Последнюю ночь в лагере я долго не мог уснуть. Ворочался на певучей кровати, пытаясь вписаться в бугристый ландшафт продавленной сетки. Меня терзали обрывки мыслей и снов, неприятных, как воспоминания о первом неудачном сексе. Наконец, я встал и поплелся в туалет. Умываться.
Там, в мире бежевого кафеля и эмалированных раковин водопроводные краны выстукивали монотонную мелодию. В наполовину закрашенное зеленой краской окно заглядывал бледный рассвет.
Я плеснул в лицо холодной водой и уставился на свое отражение в зеркале над умывальником. Карие глаза, как у отца, короткий нос с резко очерченными ноздрями, широкие брови, сросшиеся на переносице – знакомое и одновременно чужое лицо. Может, я тоже умер? Там, под дубом? И сейчас мое отражение изучает кто-то другой, забравший себе тело и память Сани Морозова?
Чтобы закрыть кран, я ненадолго отвел глаза от зеркала. А когда посмотрел вновь, вскрикнул, увидев лицо Нюфы.
Он стоял у меня за спиной. Улыбался.
Я развернулся и одним движением прижал его мягкую шею к стене. Мои руки подрагивали, на глаза набегала бурая пелена.
– Хочешь повторить? – голос Нюфы был спокойным. – Давай. Только это ничего не изменит. Ты же знаешь.
Да, я знал. Знал хотя бы потому, что в его глазах не было страха. Тот, кто однажды умирал, не боится сделать это вновь. Ему больше нечего терять – все ценное уже потеряно.

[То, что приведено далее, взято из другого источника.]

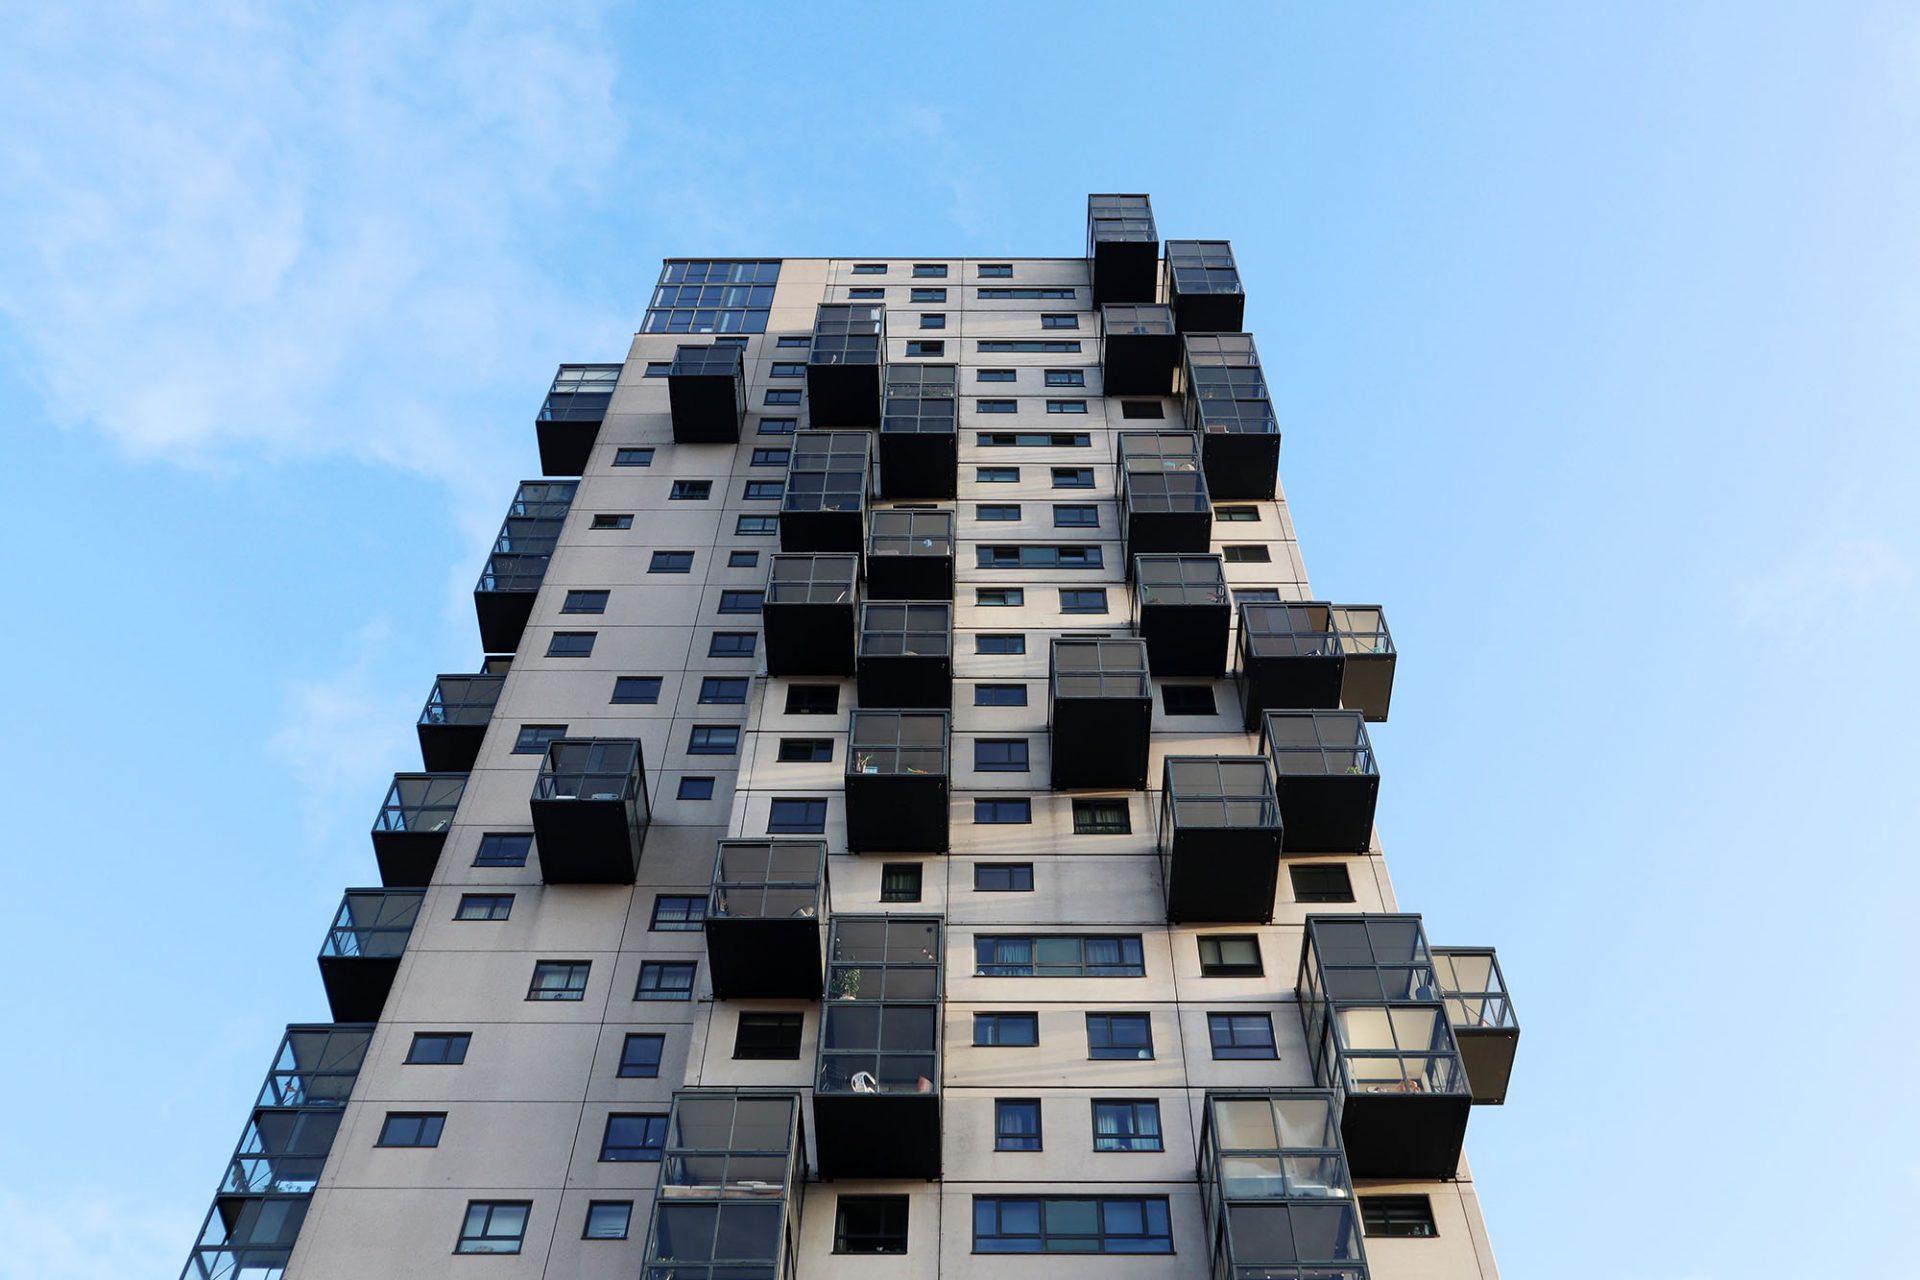 """De Stadsheer. """"Vogelkookies"""" nennen die Tilburger die Sonnenräume, die asymmetrisch vor der Fassade hängen."""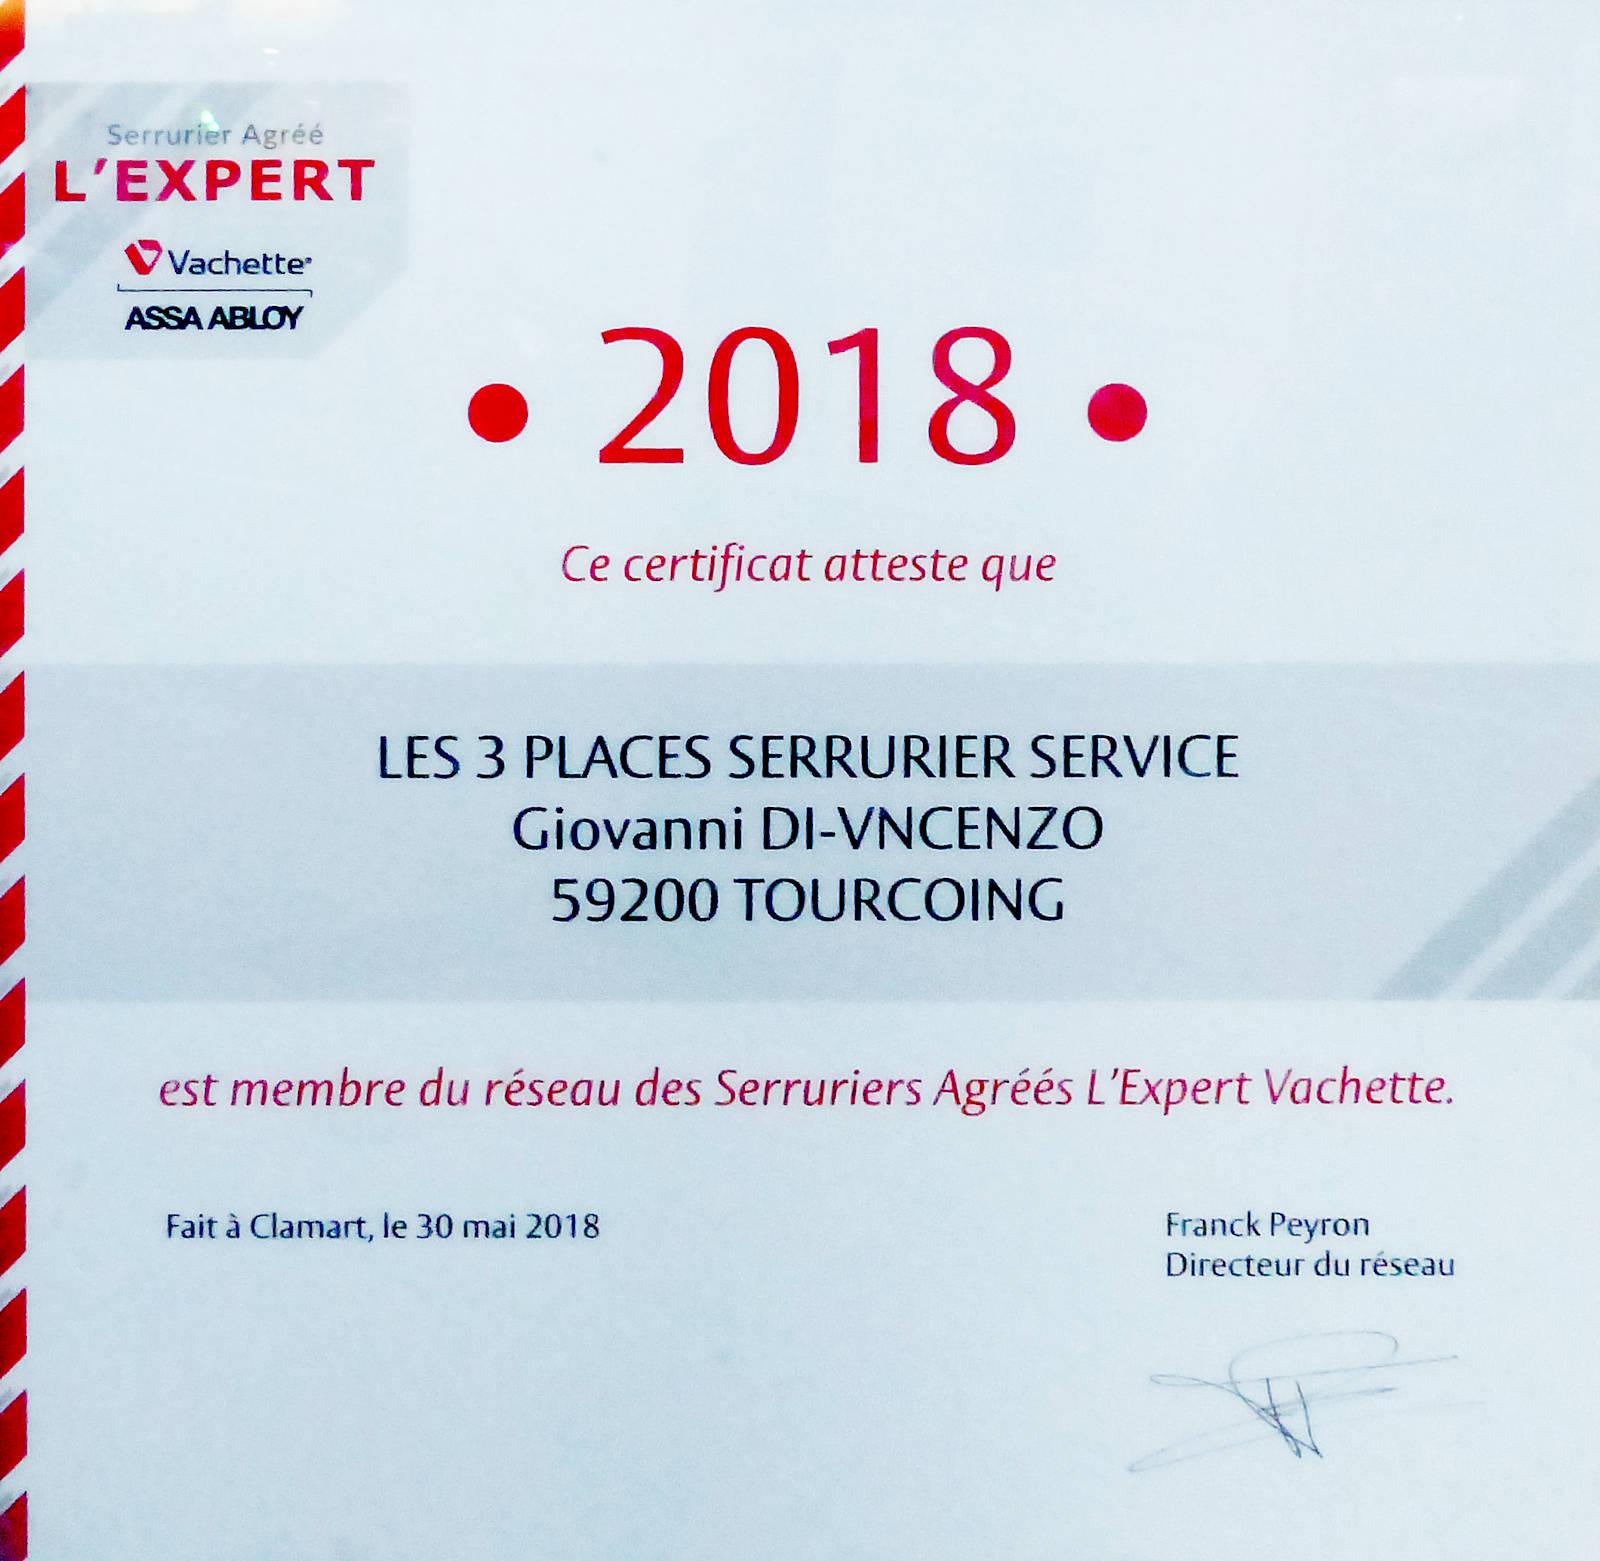 Tourcoing 3 Places Serrurier - Expert Vachette

Я перевел взгляд на свои руки. Под пальцами пульсировала фиолетовая полоса. Кровоподтек от веревки. Его вид вызвал острое отвращение.
Нет, не к Нюфе.
К себе.
А следом пришло понимание: это чувство не оставит меня – будет преследовать всю жизнь. Накатившая тоска свернулась тугим кольцом и сдавила шею. Ловя ртом воздух, я подумал о том, что смерть, в сущности, не самая страшная штука.
Я не пошел на его похороны. С неба, несмотря на декабрь, падала мокрая гадость, и возле только что выкопанной ямы, наверное, сейчас было очень скверно. К тому же Мороз вряд ли бы обрадовался моему появлению на кладбище – весь минувший месяц он старался держаться от меня как можно дальше. Конечно, насколько это возможно, когда учишься в одном классе.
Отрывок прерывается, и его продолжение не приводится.